Path: utzoo!yunexus!geac!syntron!jtsv16!uunet!auspex!guy
From: guy@auspex.UUCP (Guy Harris)
Newsgroups: comp.unix.wizards
Subject: Re: Secure setuid shell scripts
Message-ID: <303@auspex.UUCP>
Date: 25 Oct 88 17:34:10 GMT
Article-I.D.: auspex.303
References: <14066@iuvax.cs.indiana.edu> <4409@bsu-cs.UUCP> <14069@mimsy.UUCP> <546@sp7040.UUCP>
Reply-To: guy@auspex.UUCP (Guy Harris)
Organization: Auspex Systems, Santa Clara
Lines: 21

>just one question.  Is this problem a security hole for only BSD systems,
>or does it exist on other SVID type systems or others?

The one I know of would be a problem on non-BSD systems if they have the
following features:

	1) "#!" - the ability for the kernel to recognize that an
	   executable file is really a shell (or other) script, and to run
	   the appropriate shell on it

	2) symbolic links (not necessary in all cases, but necessary to
	   make it work under arbitrary circumstances)

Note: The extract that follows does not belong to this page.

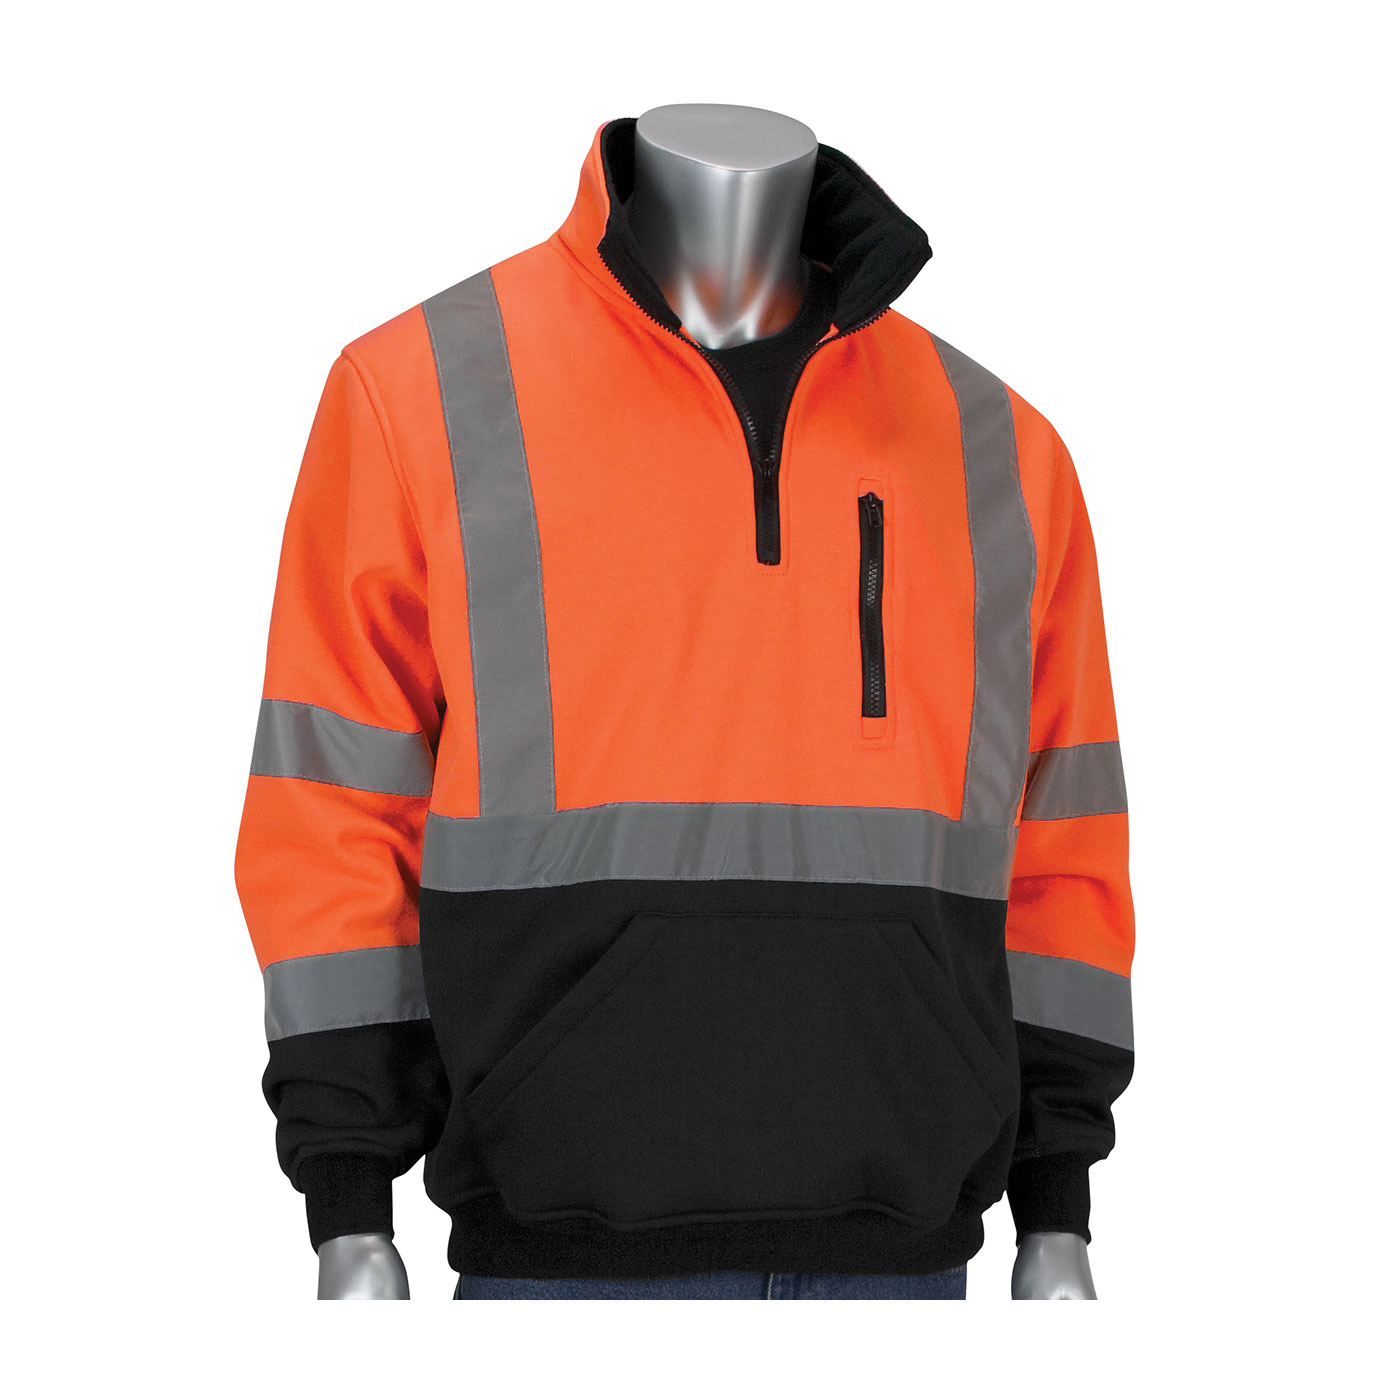 PIP® 323-1330B-OR/L Sweatshirt With Black Bottom, Unisex, L, Orange, 30 in L, Polyester Fleece

and that handles certain aspects of process creation in a certain way.

If it's missing 1), the system doesn't *have* set-UID shell scripts in
the sense being discussed here; the trick is that if the *script* has
its set-UID or set-GID bit set, when it runs the shell in question it
will run it with set-UID or set-GID privileges.  Most non-BSD systems
don't have it, but some non-BSD systems do (although many of them
started from BSD, even though they may be S5-compatible...).